CANBERRA, Australia — Australian authorities have formally designated the notorious neo-Nazi network once known as the National Socialist Network, sometimes operating under the alias White Australia, as the second hate group outlawed under the nation’s landmark new legislation targeting extremist organizations that promote racial and religious hatred.
The designation, announced Friday by Home Affairs Minister Tony Burke, brings the long-targeted white supremacist network into legal prohibition, with the ban set to enter into force by the end of the same day. The new law, passed by parliament in January 2024, was a direct policy response to a deadly antisemitic attack that left 15 people dead at a Hanukkah gathering on Sydney’s Bondi Beach in December 2023, an act of violence that shocked the nation and spurred urgent legislative action to curtail rising extremism.
Burke emphasized that the group’s attempt to rebrand itself after announcing a voluntary disbandment in January did not erase its extremist character. Even after changing its name, the organization retained its structure and continued to engage in radical, hateful activity that meets the legal threshold for a ban under the new legislation, Burke told reporters in Canberra. “None of this will stop bigoted people from holding horrific ideologies,” Burke noted. “But it does prevent this group from organizing, from meeting, and prevents some of the sorts of horrific bigoted rallies that we’ve seen around our country.”
Under the terms of the ban, any act of supporting, funding, training for, recruiting to, joining or leading the group — even if it reorganizes under a new name — carries a maximum penalty of 15 years imprisonment. This landmark legislation fills a critical gap in Australian national security law, allowing authorities to ban hate groups that do not meet the existing legal definition of a terrorist organization, a change widely called for after the Bondi massacre.

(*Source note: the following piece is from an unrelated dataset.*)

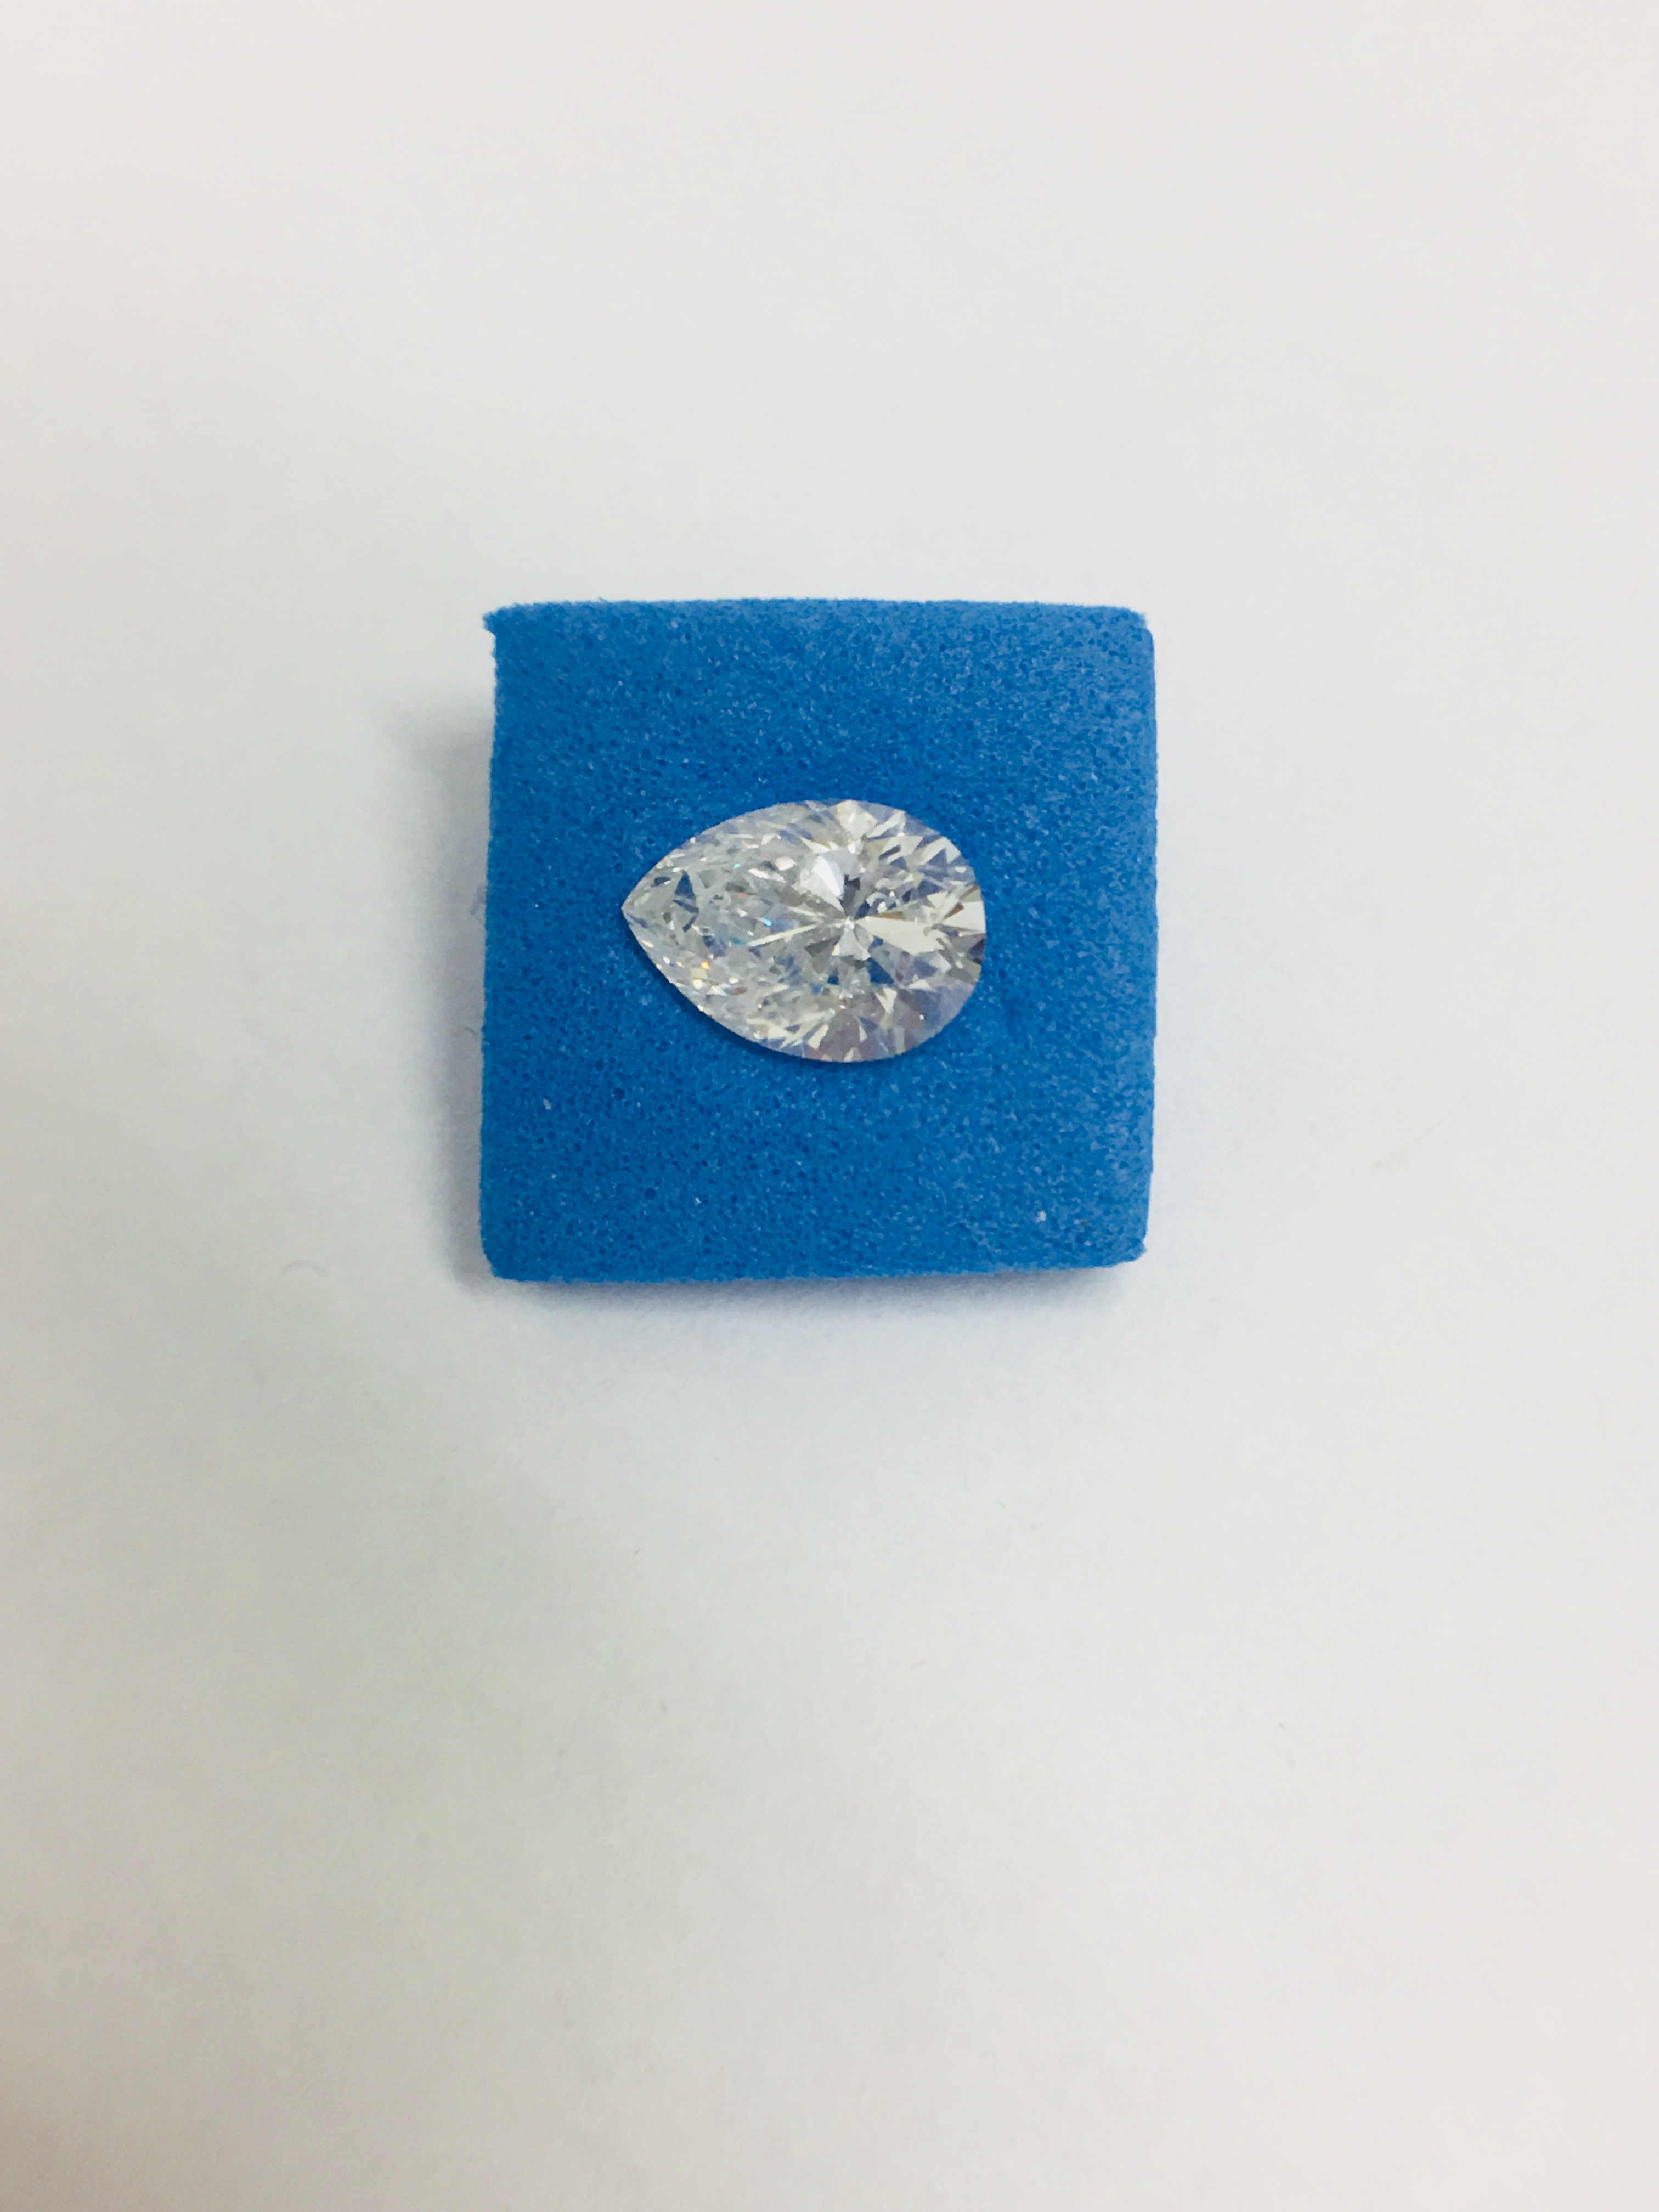 1.16ct pearshape loose diamond natural stone

The Islamist group Hibzt ut-Tahrir became the first organization banned under the law back in March, and both that group and the National Socialist Network were openly named by policymakers as the primary targets of the legislation from its early drafting stages.
The process for designating a banned hate group follows a clear two-step framework: Australia’s national security intelligence agency ASIO first assesses whether an organization meets the statutory criteria, which include a pattern of violence incitement, engagement in hate crime, and elevated risk of public harm. The final ban is then approved by a federal government minister.
The announcement comes as the group’s former leader, Thomas Sewell, awaits trial on multiple charges stemming from an alleged attack on an Indigenous protest camp in Melbourne last August. During an anti-immigration rally, a group of black-clad men affiliated with the network stormed the camp, leaving three people injured. Sewell has pleaded not guilty to all five counts against him.
Longstanding connections to transnational white supremacist violence have previously linked Sewell to one of the deadliest far-right attacks in modern history: an independent inquiry into the 2019 Christchurch mosque massacre that killed 51 Muslims in New Zealand found that Sewell attempted to recruit the attack’s perpetrator, Brenton Tarrant, to another Australian white nationalist group two years before the massacre.
Burke rejected the group’s January claim that it would voluntarily disband to avoid member arrests, a announcement first reported by local Australian news outlets via a post on the network’s Telegram channel. He confirmed the federal government is already prepared to face any potential legal challenges from the newly outlawed organization.
The ban on the National Socialist Network is the latest in a series of escalating government actions against far-right extremism and rising antisemitism in Australia. Earlier in 2024, before the Bondi Beach attack, Canberra enacted a nationwide ban on Nazi salutes and the public display of swastikas and other Nazi symbols. That policy was itself a response to a months-long surge in antisemitic criminal activity targeting synagogues, Jewish-owned businesses and Jewish schools in Sydney and Melbourne.